Only ever used a clay bar and love the results, never tried a mitt. I have extremely small hands and have to buy children's age 7-10 gloves so not sure how I'd manage with one. I can't use a microfibre polishing mit very well as I can't keep it on my hand! :x

Any more 'little women', who don't have hands like shovels, on here tried a clay mitt?


----------



## Templar

You'll be fine trust me, it's quite tight once your hands in....doesn't go all saggy like a woolly wash mitt :wink:


----------



## Cloud

Templar said:


> You'll be fine trust me, it's quite tight once your hands in....doesn't go all saggy like a woolly wash mitt :wink:


Bring yours to Cleveleys, I'll try it on!!


----------



## Tangerine Knight

Do you want me to bring mine on Sunday ?


----------



## Cloud

blackpoolfc said:


> Do you want me to bring mine on Sunday ?


Now there's an offer I can't refuse!

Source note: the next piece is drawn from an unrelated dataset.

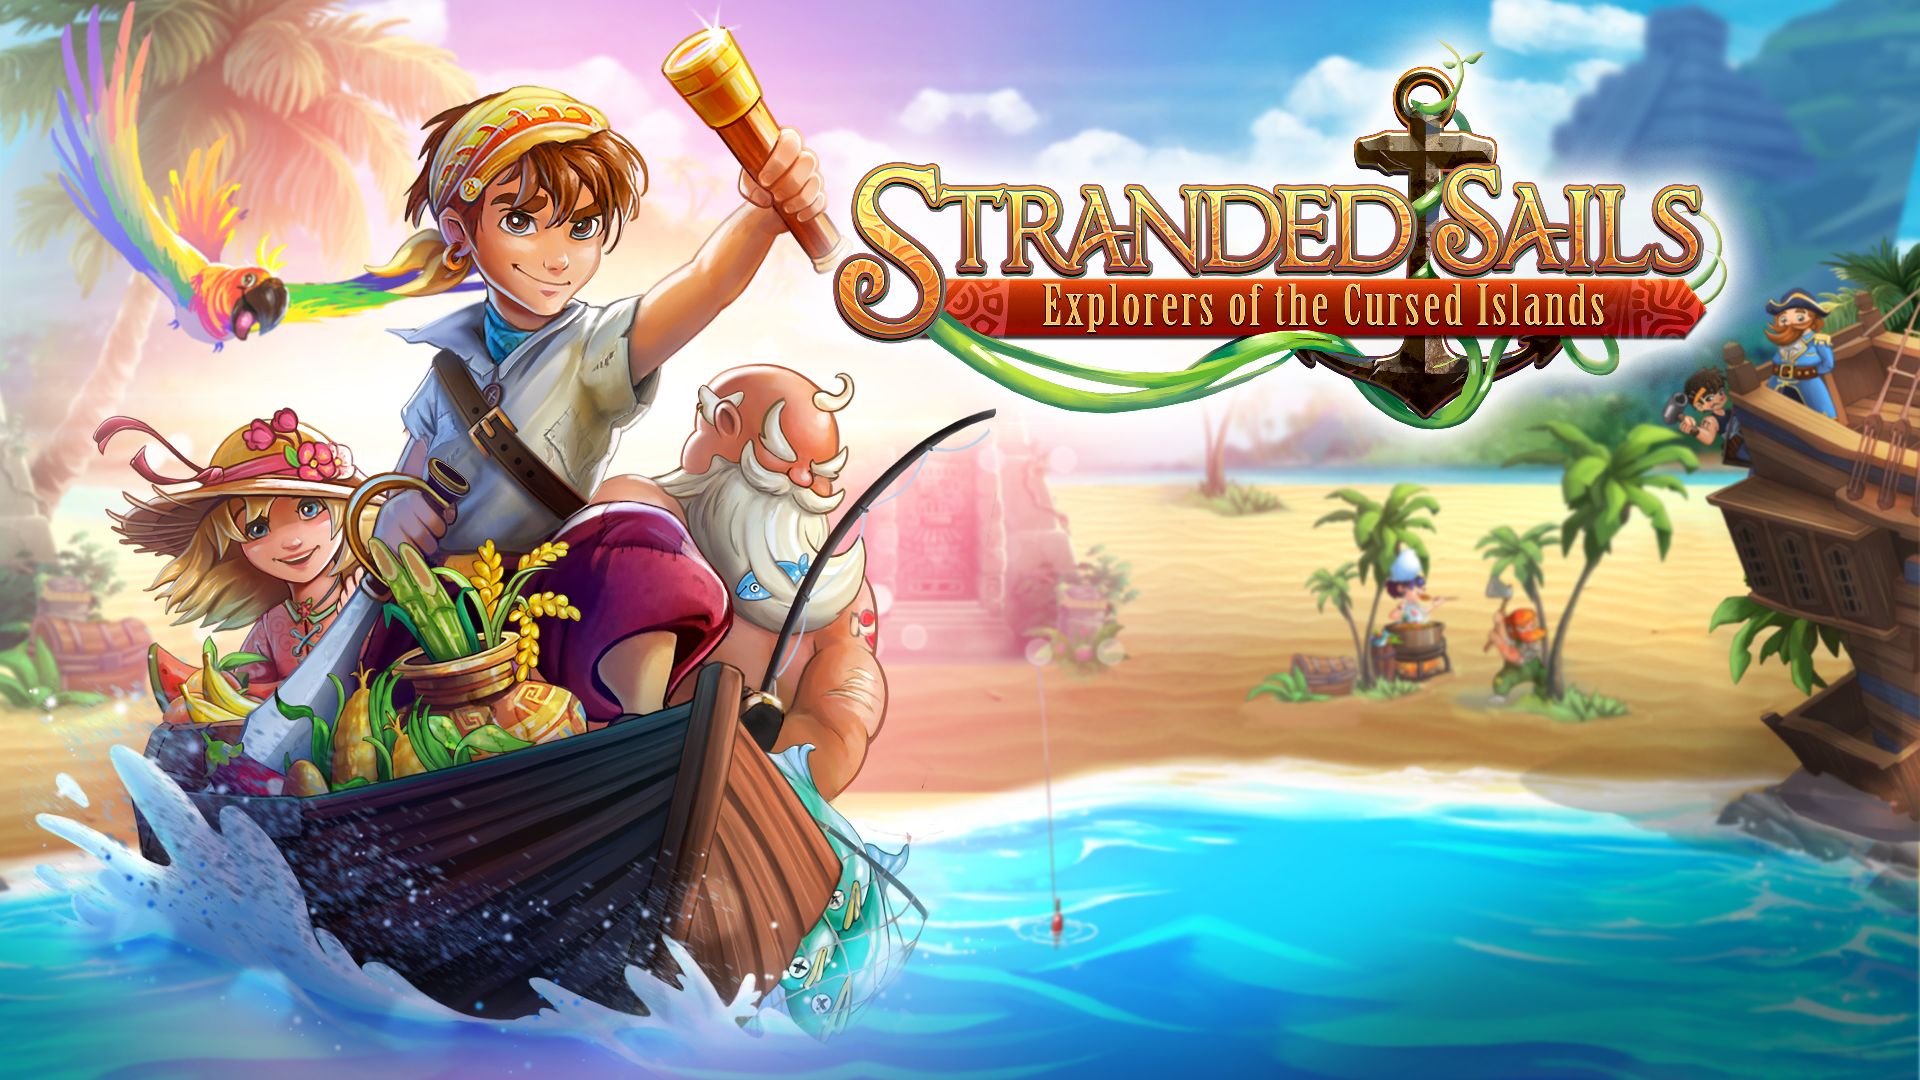 Video For 5 Survival Tips for Open World Adventure Stranded Sails – Explorers of the Cursed Islands, Available Now on Xbox One

I can have a good look at it, thanks Kurt.


----------



## Tangerine Knight

OK I'll throw it in the boot


----------



## Templar

blackpoolfc said:


> OK I'll throw it in the boot


Haha :lol: try not to get any bits on it while it's rattling around in the boot.


----------



## Templar

Cloud said:


> blackpoolfc said:
> 
> 
> 
> Do you want me to bring mine on Sunday ?
> 
> 
> 
> Now there's an offer I can't refuse! I can have a good look at it, thanks Kurt.
Click to expand...

Now being as one size is supposed to fit all you won't need to see mine then..?


----------



## Cloud

Templar said:


> Now being as one size is supposed to fit all you won't need to see mine then..?


It's the best offer I've had all week, but I suppose not, unless you want me to see it!


----------



## Templar

Don't suppose it'll hurt to have a look and a feel just to make sure


----------



## Cloud

:lol: :lol: :lol:


----------



## Templar

Only used mine once and I don't know how many times Kurt has used his but we can compare and see if they slacken up the more they're used...how's that sound ?


----------



## Tangerine Knight

I always put mine in a bag to stop any muck getting on it


----------



## Cloud

Templar said:


> Only used mine once and I don't know how many times Kurt has used his but we can compare and see if they slacken up the more they're used...how's that sound ?


Nooooooooo!!!


----------



## Templar

blackpoolfc said:


> I always put mine in a bag to stop any muck getting on it


Only just seen this post...haha


----------